:: ASSIGNED TASK ::
Transcribe only the stretch of lines that opens with the line containing "How To Hide All Reels On Facebook" and closes with the last line of the listing, skipping pictures.

:: AVAILABLE DATA ::

+--

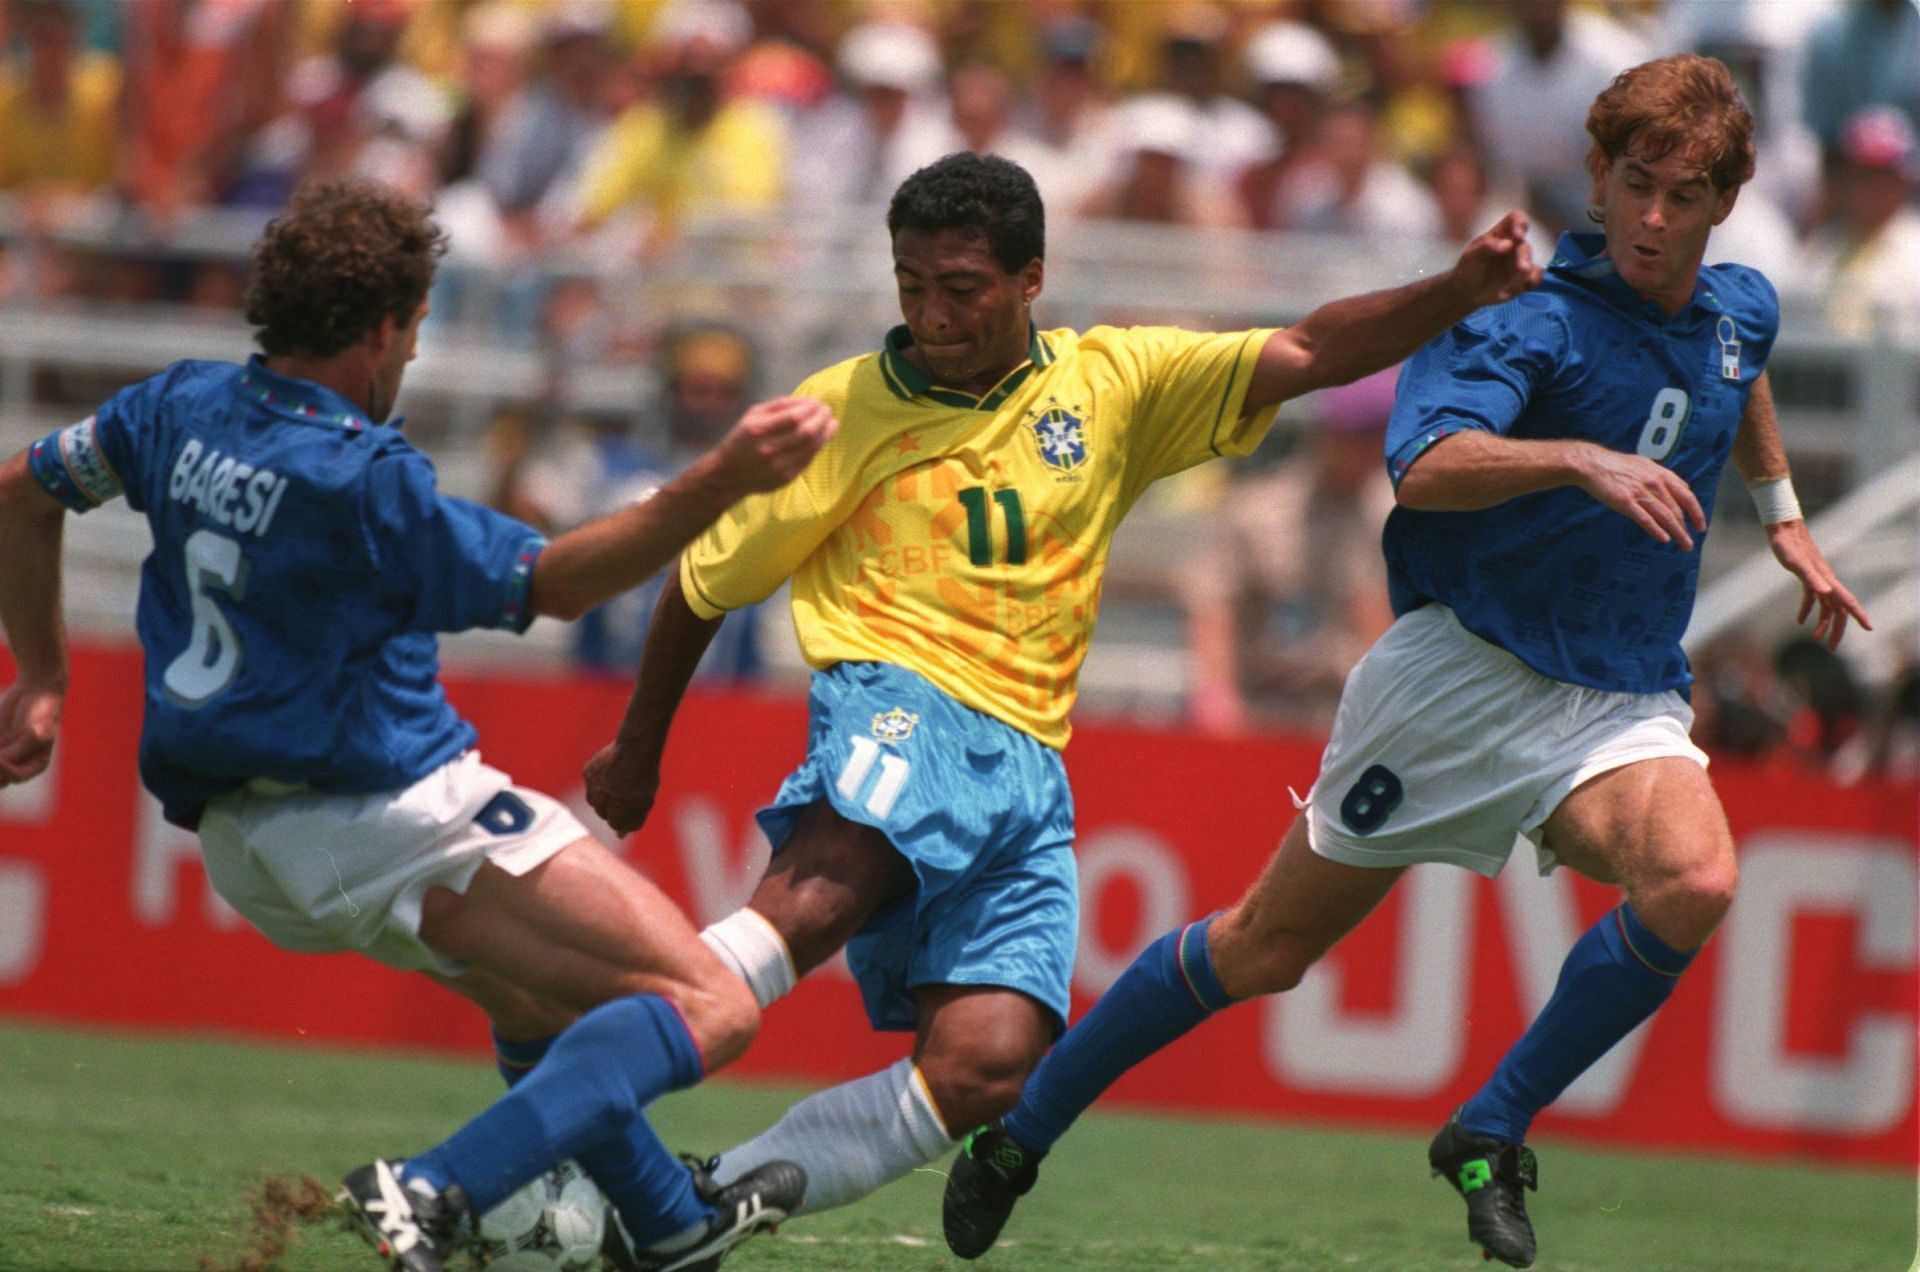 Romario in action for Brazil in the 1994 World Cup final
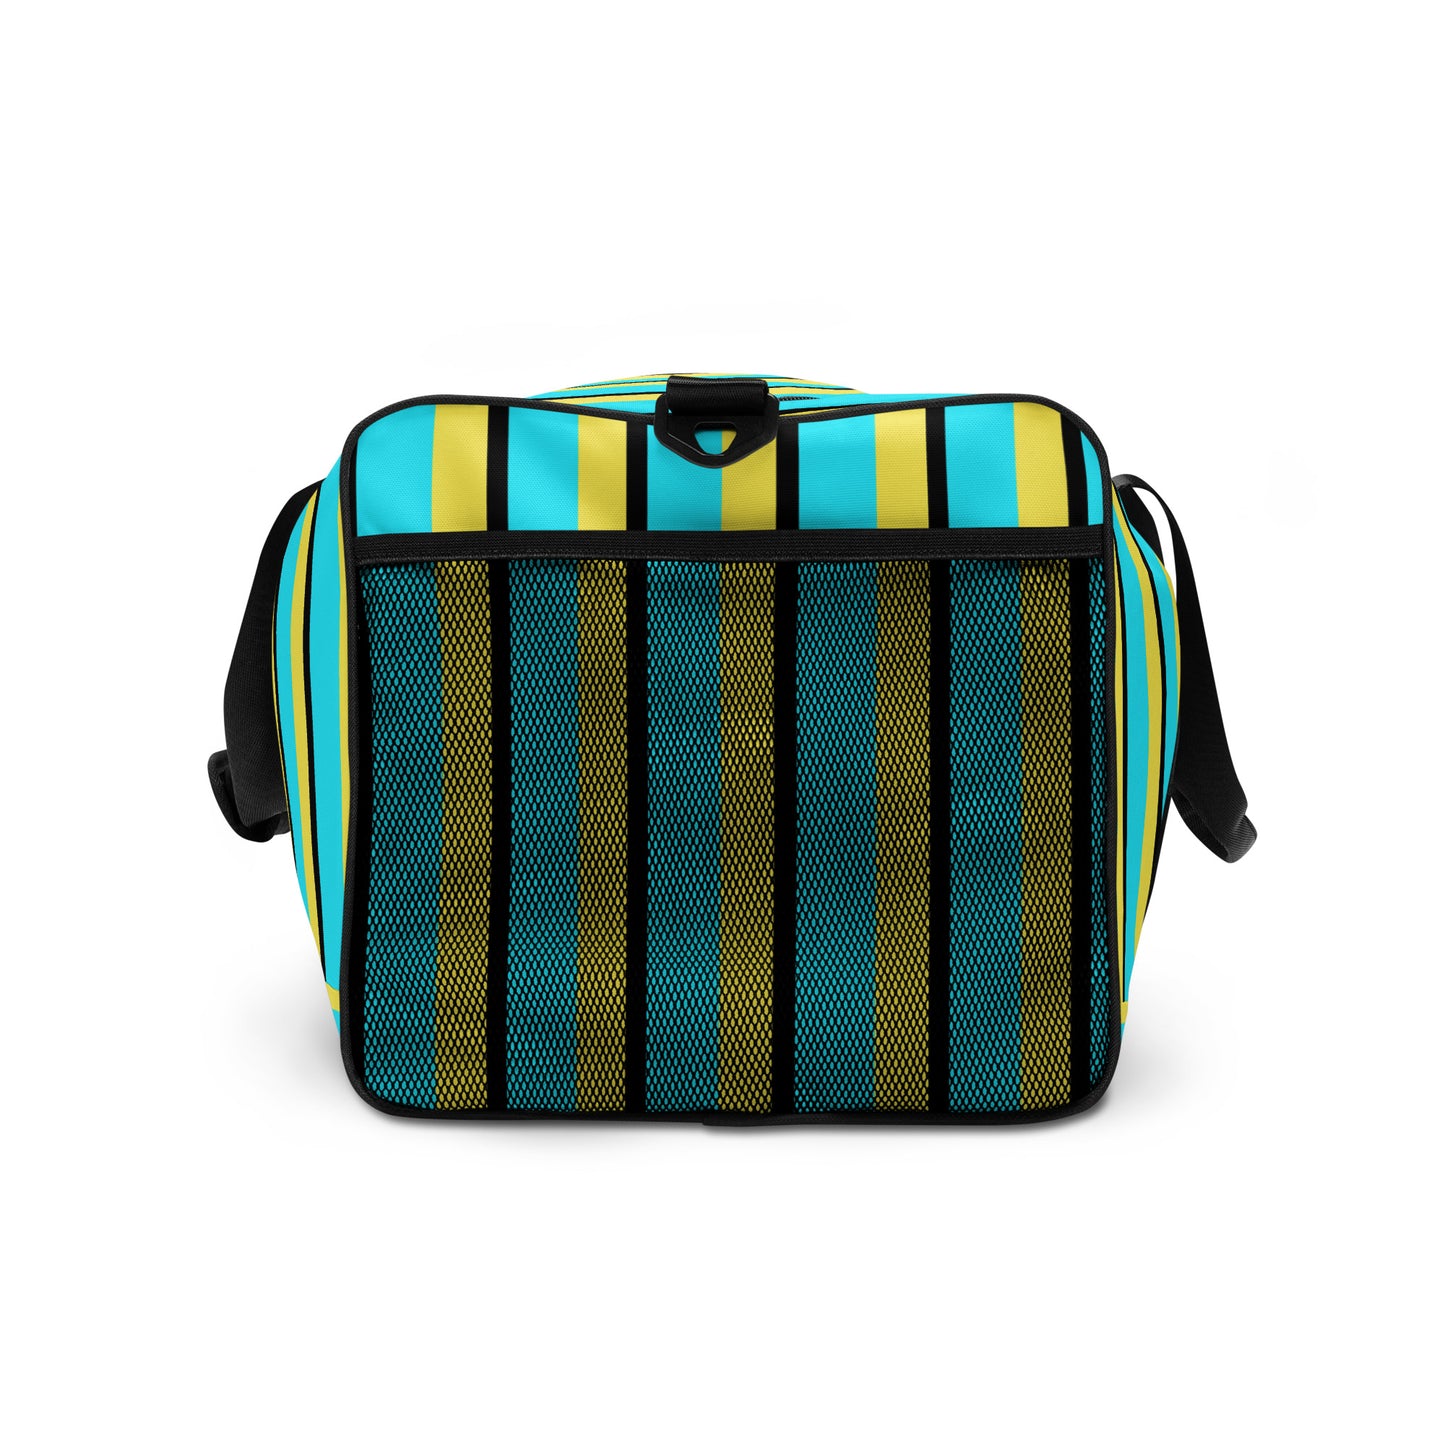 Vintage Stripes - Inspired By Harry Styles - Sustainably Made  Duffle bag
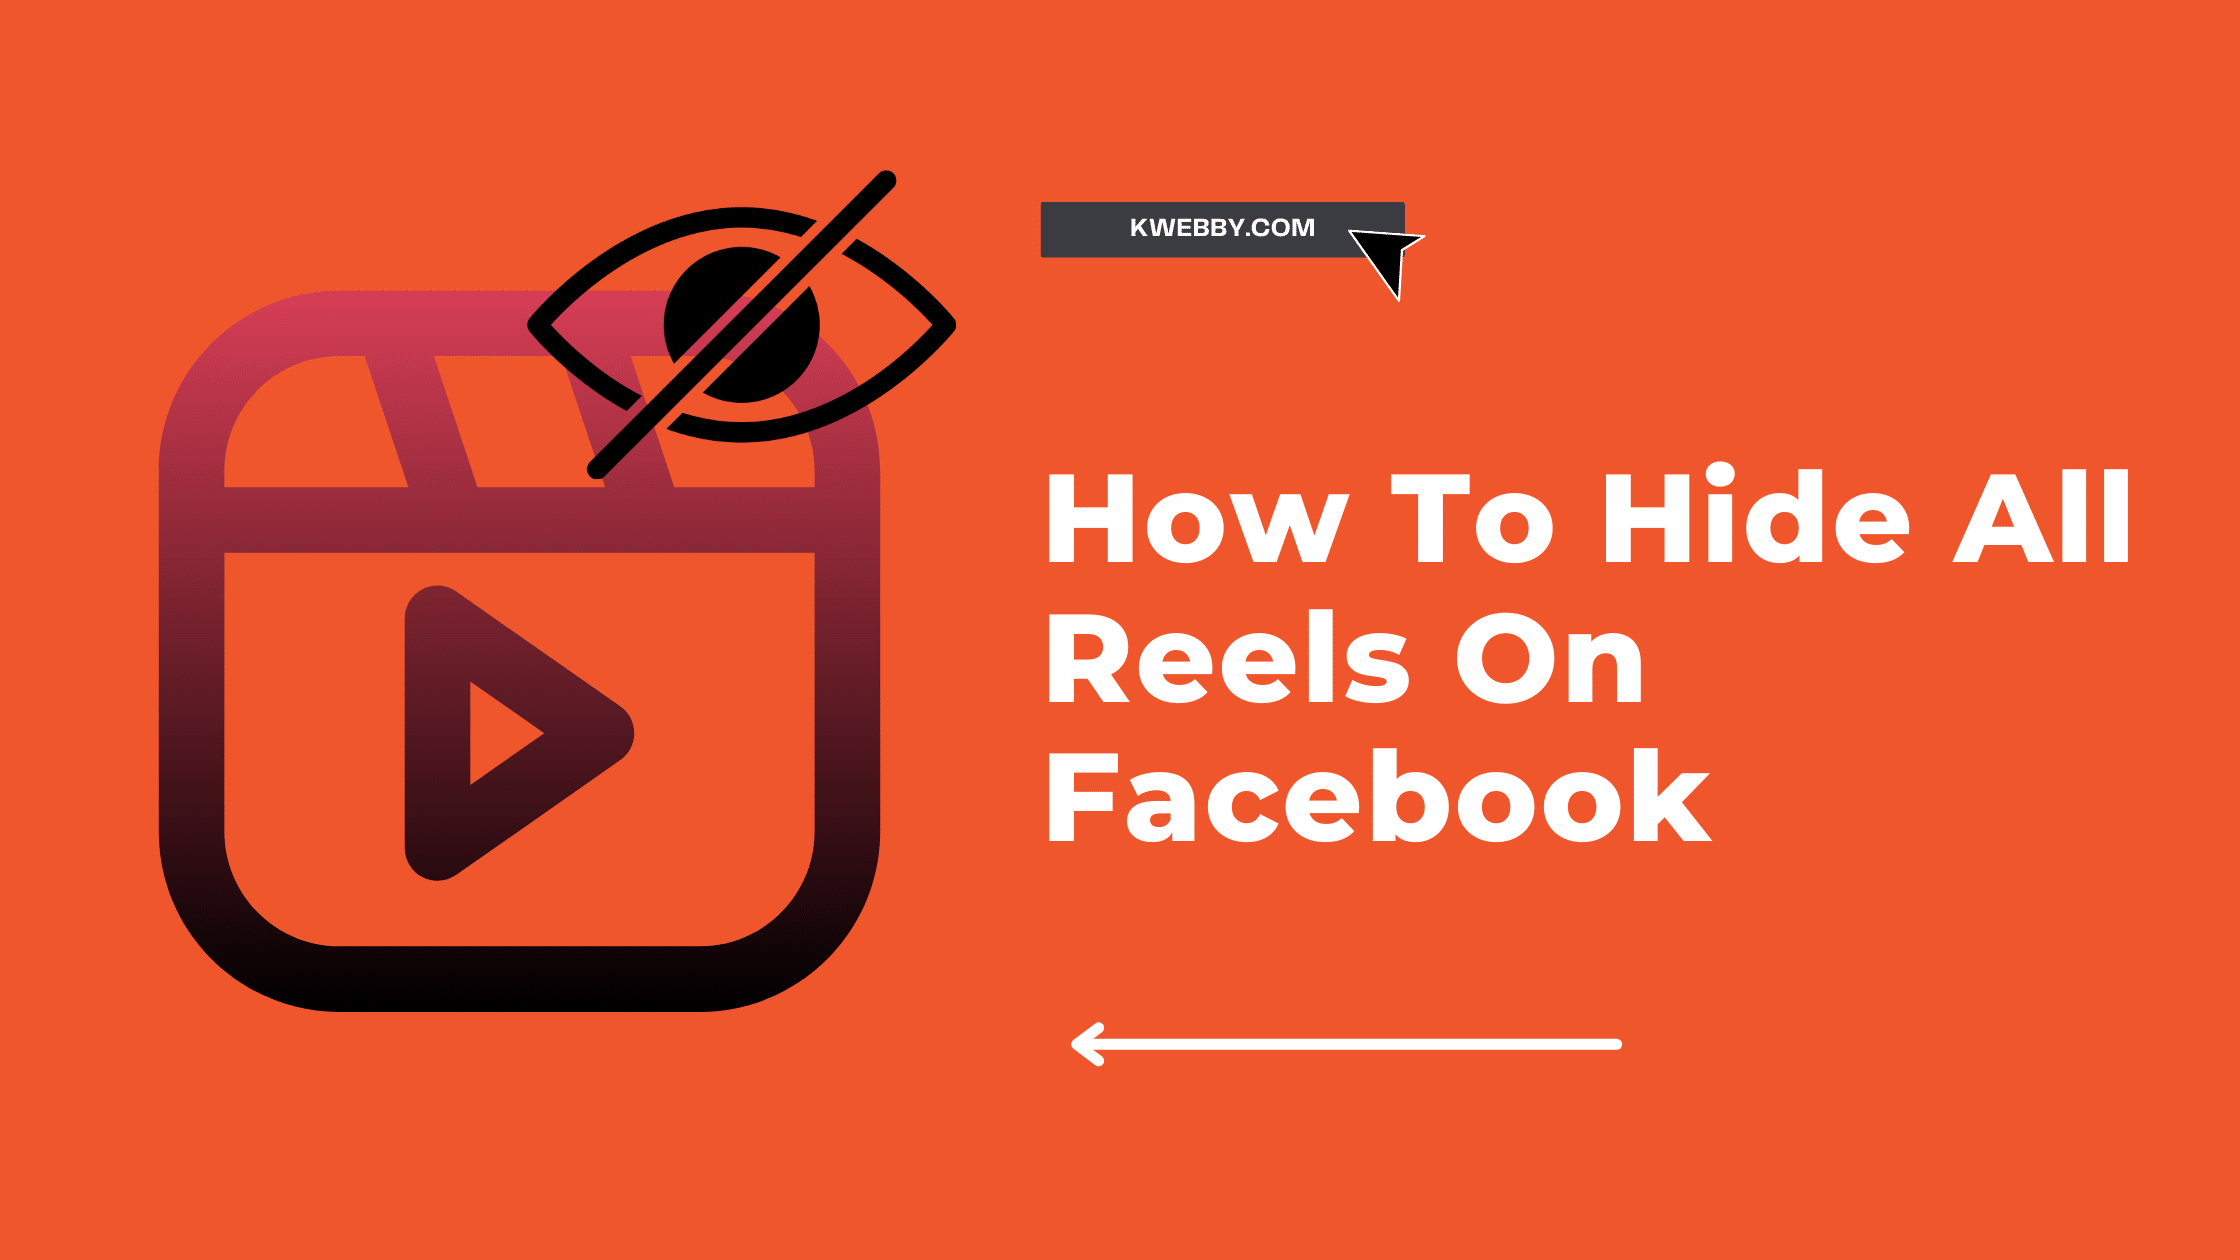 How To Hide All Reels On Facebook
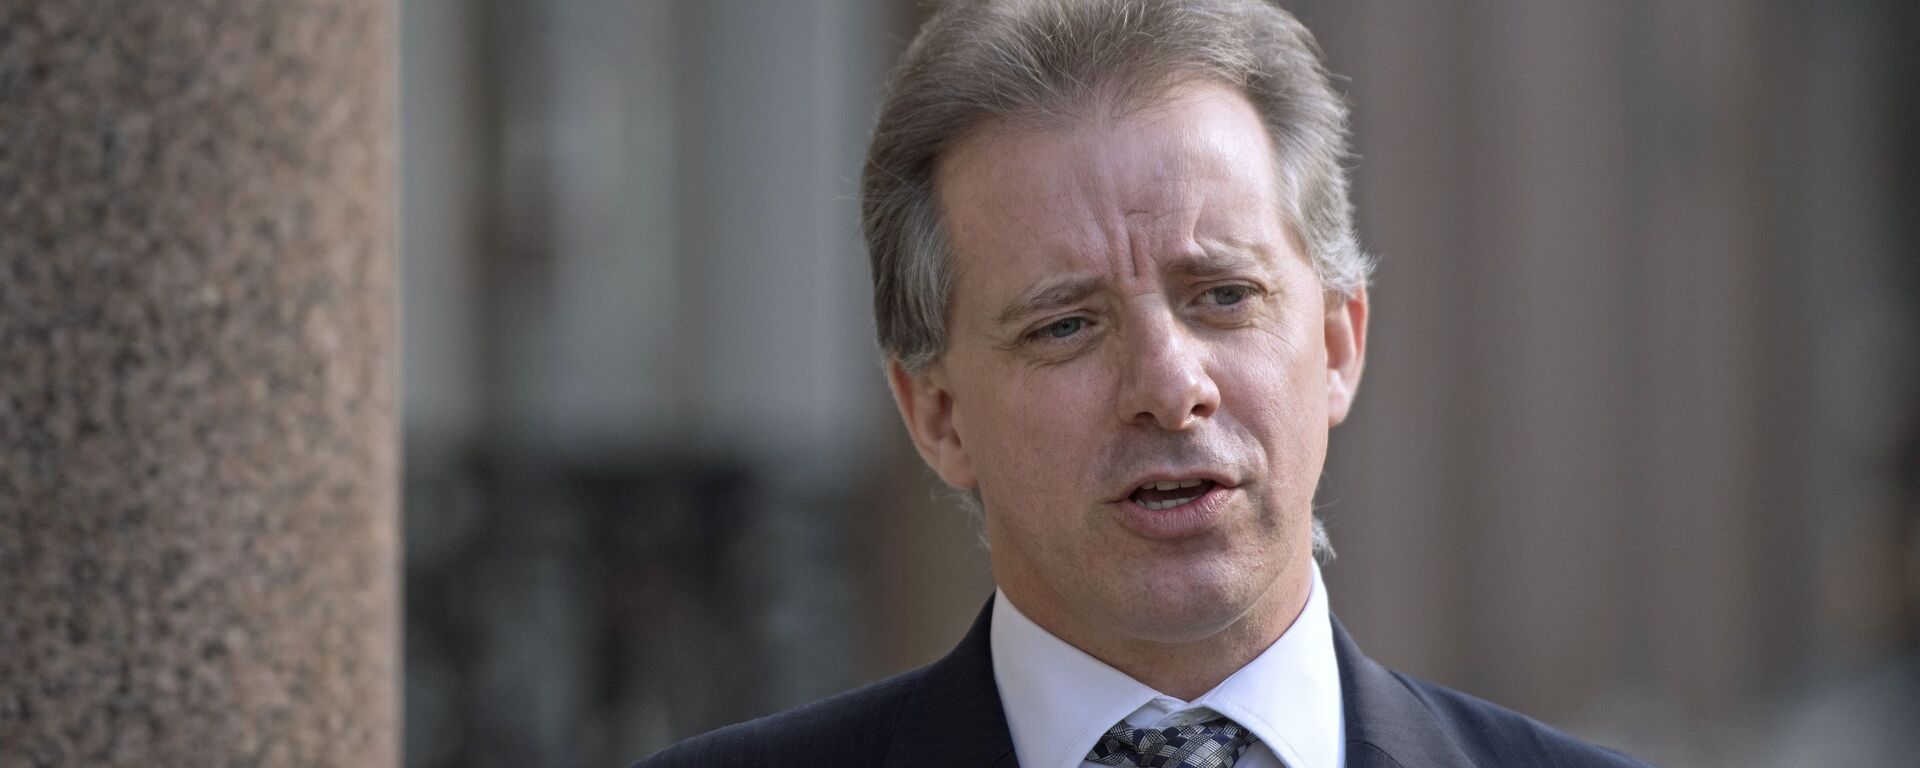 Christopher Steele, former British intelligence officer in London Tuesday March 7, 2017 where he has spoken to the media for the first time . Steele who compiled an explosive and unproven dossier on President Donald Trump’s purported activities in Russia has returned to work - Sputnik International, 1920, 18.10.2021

+--

:: COMPLETED EXERCISE ::
 How To Hide All Reels On Facebook
 Christopher Steele, former British intelligence officer in London Tuesday March 7, 2017 where he has spoken to the media for the first time . Steele who compiled an explosive and unproven dossier on President Donald Trump’s purported activities in Russia has returned to work - Sputnik International, 1920, 18.10.2021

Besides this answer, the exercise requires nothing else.